Additionally, "Image Processing & Computer Vision" are deeply related. JPEG compression divides an image into 8x8 pixel blocks and applies a two-dimensional Discrete Cosine Transform (DCT, a close relative of the Fourier transform) to each to reduce data. Many algorithms for image blurring (filtering) and feature extraction are based on the convolution theorem of the Fourier transform, which states that processing in the "spatial domain" corresponds to multiplication in the "frequency domain".
Once you've developed intuition with this tool, it's recommended to gradually solidify the mathematical background. First, deepen your understanding of "Euler's formula $e^{i\theta} = \cos\theta + i\sin\theta$". This is the key to handling "waves" expressed with real numbers using the convenient tool of complex numbers. When you grasp why the core calculation of the FFT is $e^{-i 2\pi k n / N}$, your perspective will suddenly broaden.
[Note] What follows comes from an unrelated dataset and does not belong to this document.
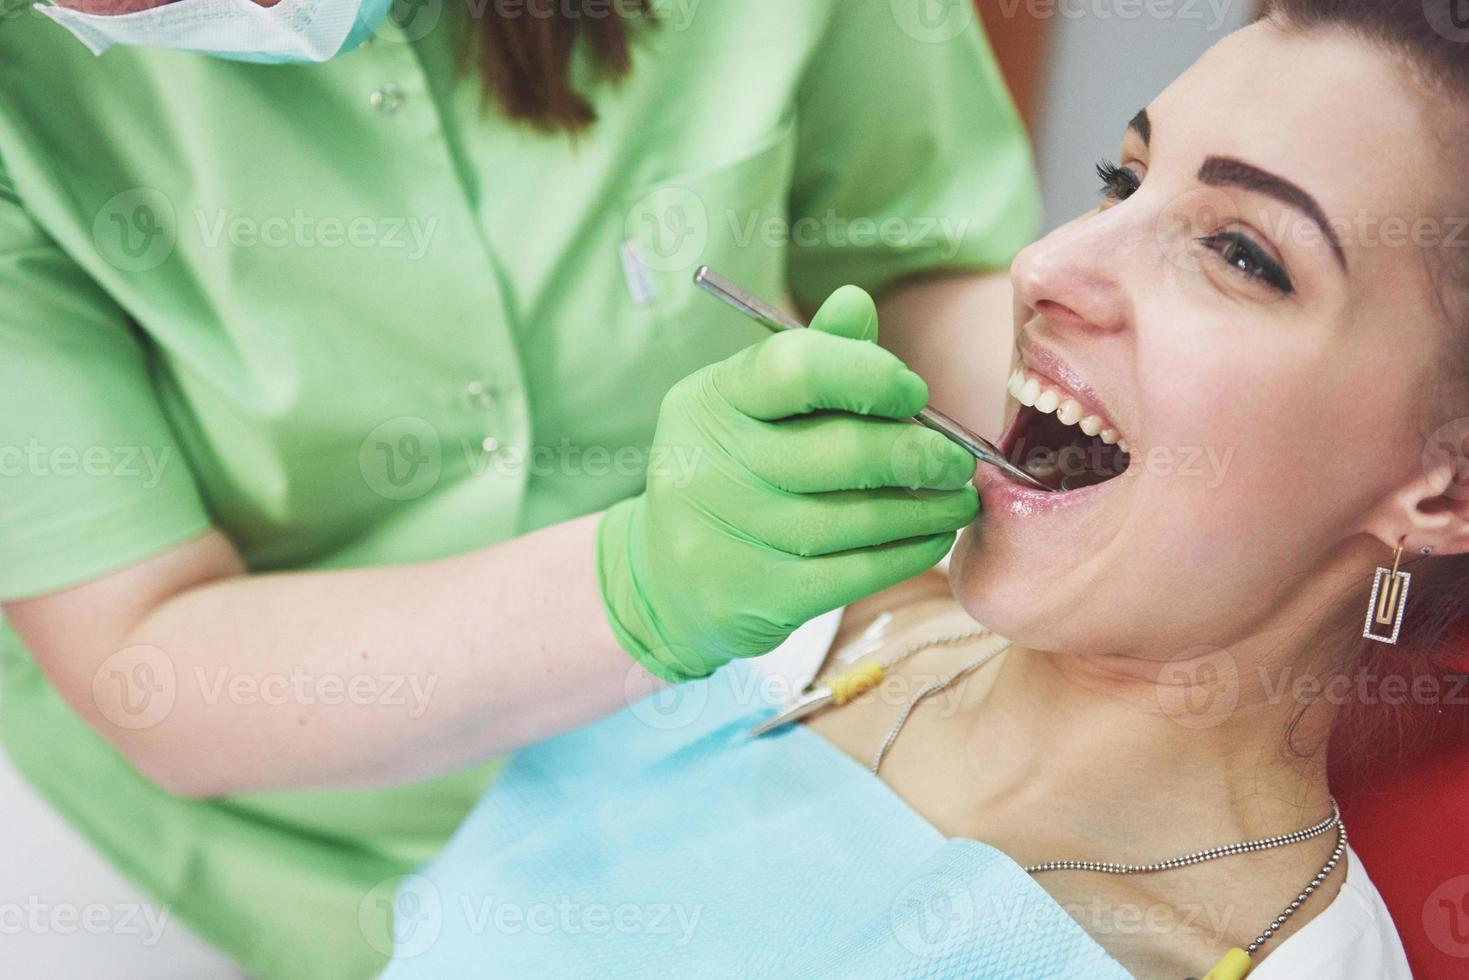 dentiste guérissant une patiente en stomatologie. concept de prévention précoce et d'hygiène bucco-dentaire photo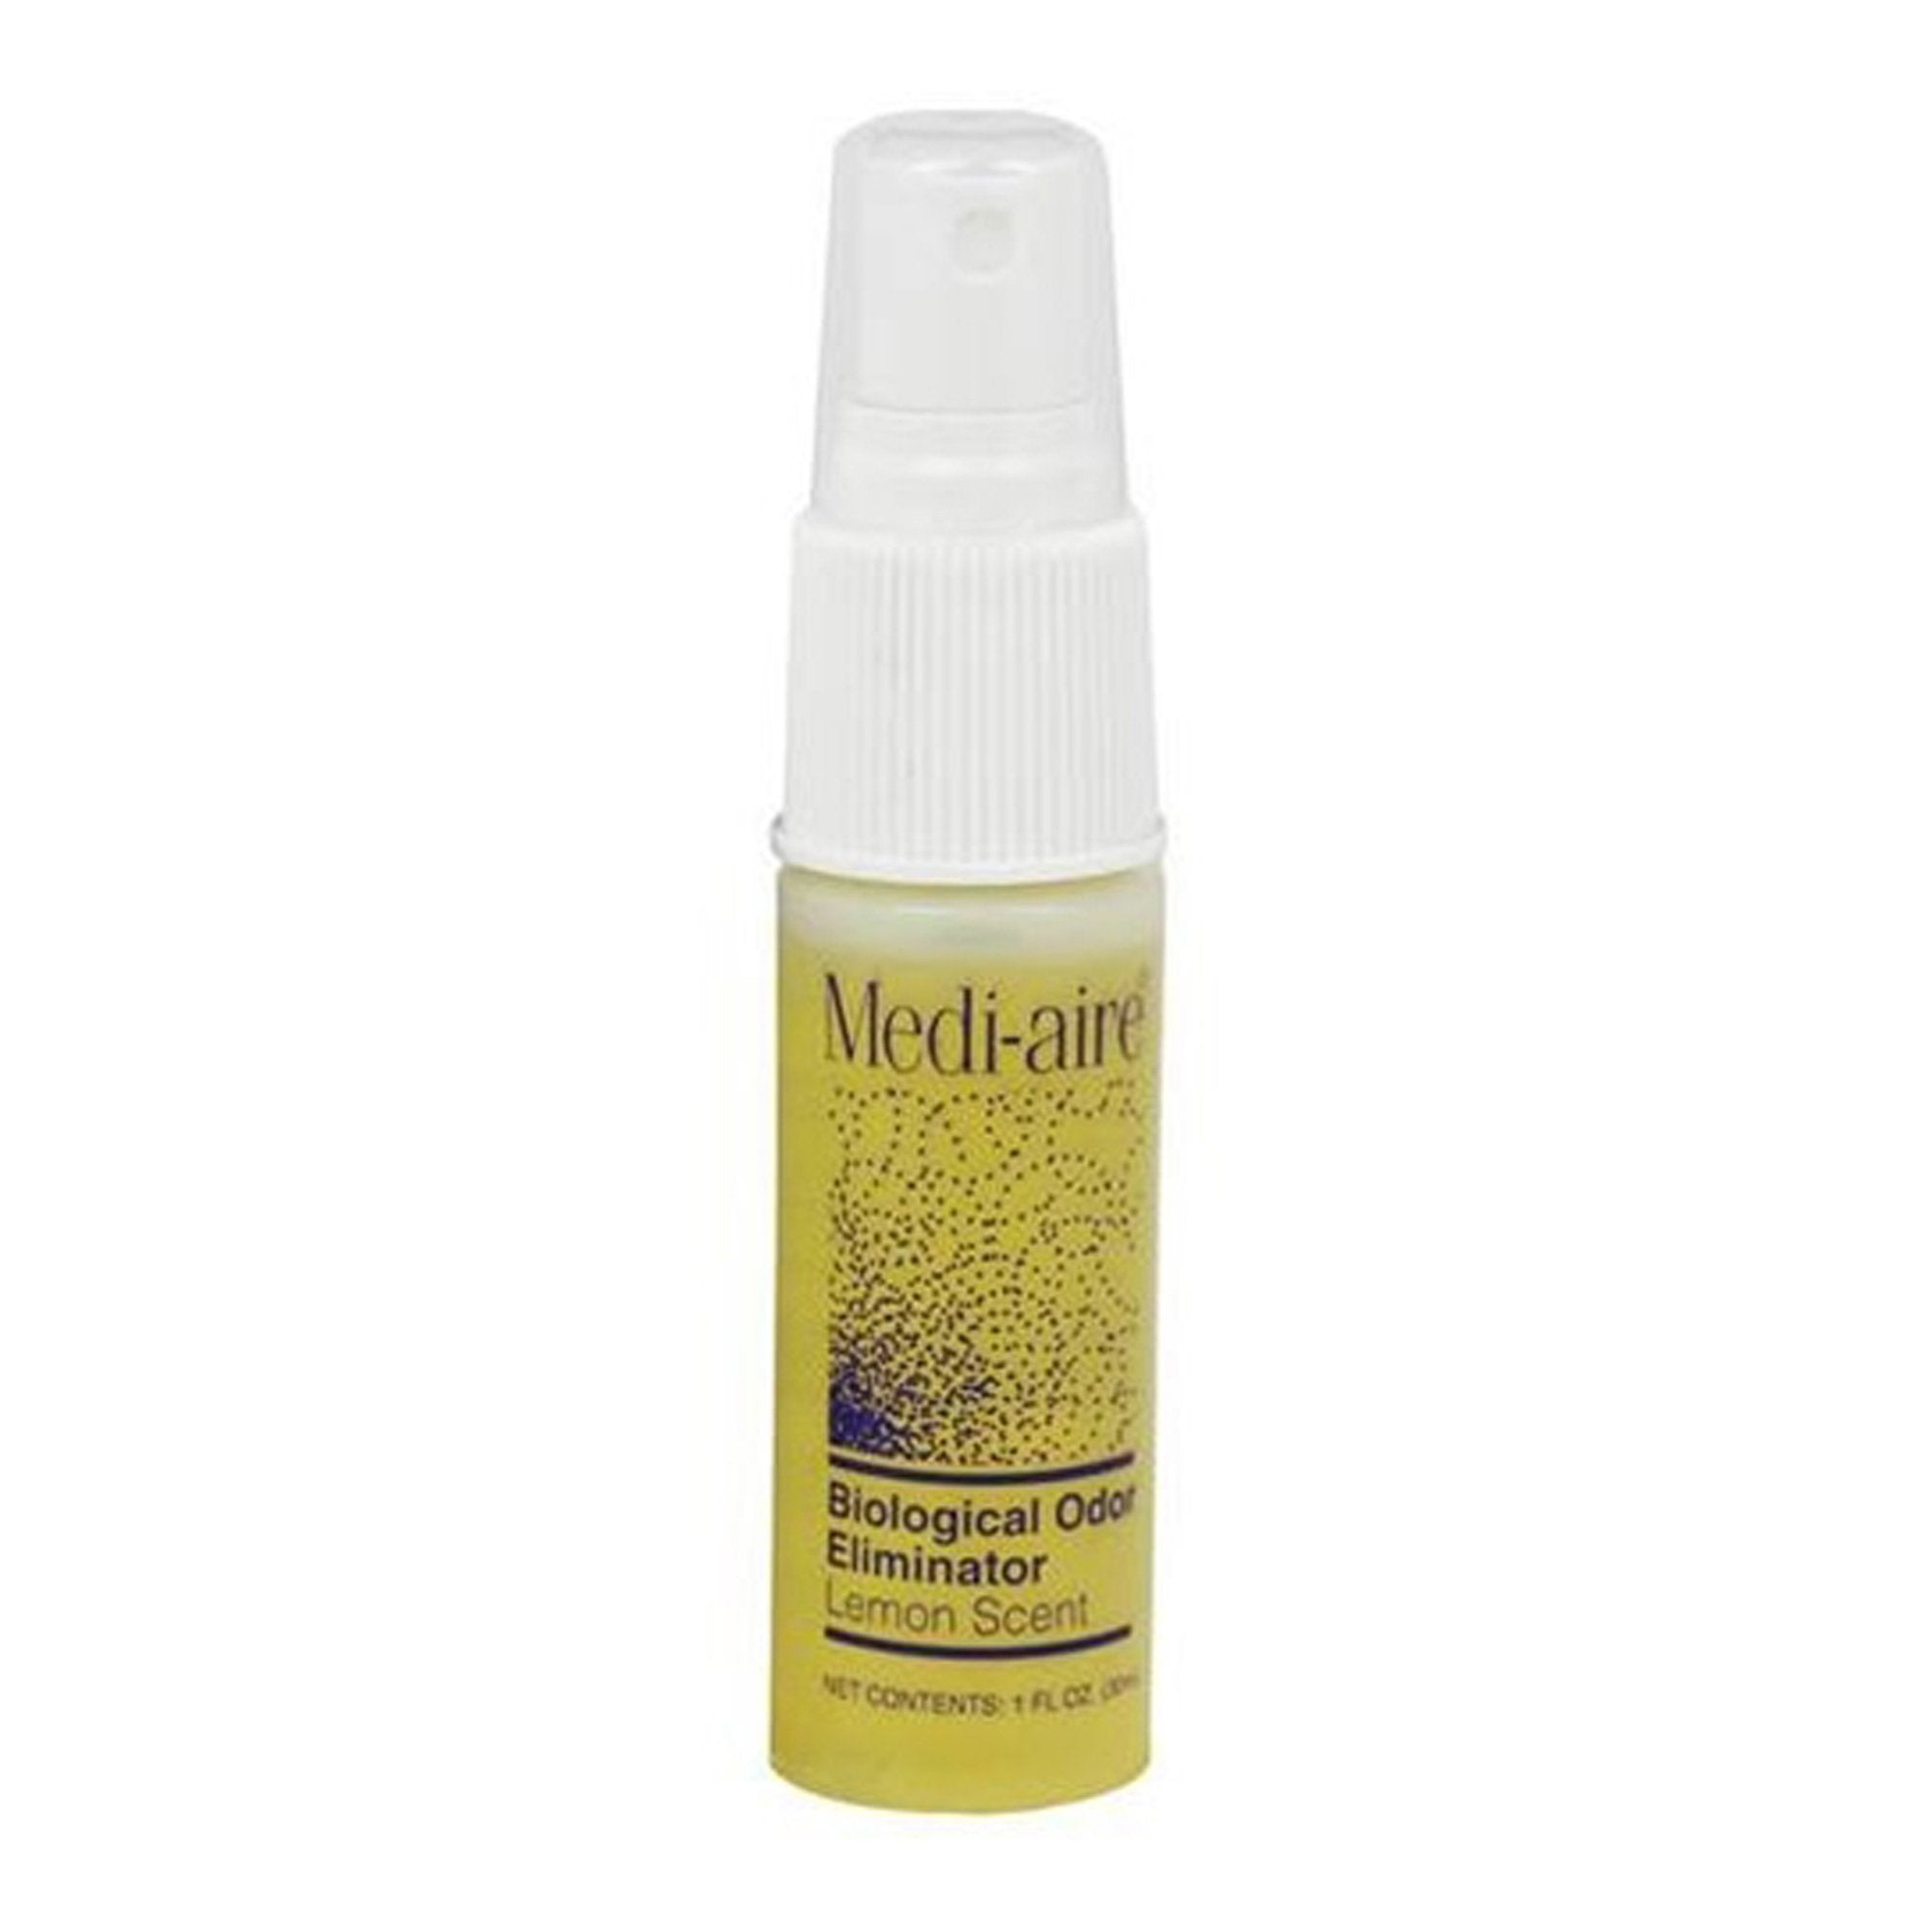 Deodorizer Medi-aire Biological Odor Eliminator Liquid 1 oz. Bottle Lemon Scent

The next concept to tackle is understanding the "Convolution Theorem". This powerful theorem states that convolution in the time domain (or discrete convolution) becomes simple multiplication in the frequency domain, and it forms the basis of digital filter design. Here, you'll understand the true meaning of the part explained in this tool: "applying a window is equivalent to convolution in the spectrum".
As a practical next step, I recommend learning about the Short-Time Fourier Transform (STFT) and Wavelet Transform. The FFT assumes the entire signal is "stationary" (its frequency components do not change over time). However, many real-world signals like music or vibration data are non-stationary. STFT is a method that splits the signal into short segments and applies the FFT to each, tracking changes in both time and frequency. It can be seen as the mathematical evolution of this tool's "real-time visualization". Beyond that lies the deep and fascinating world of signal processing.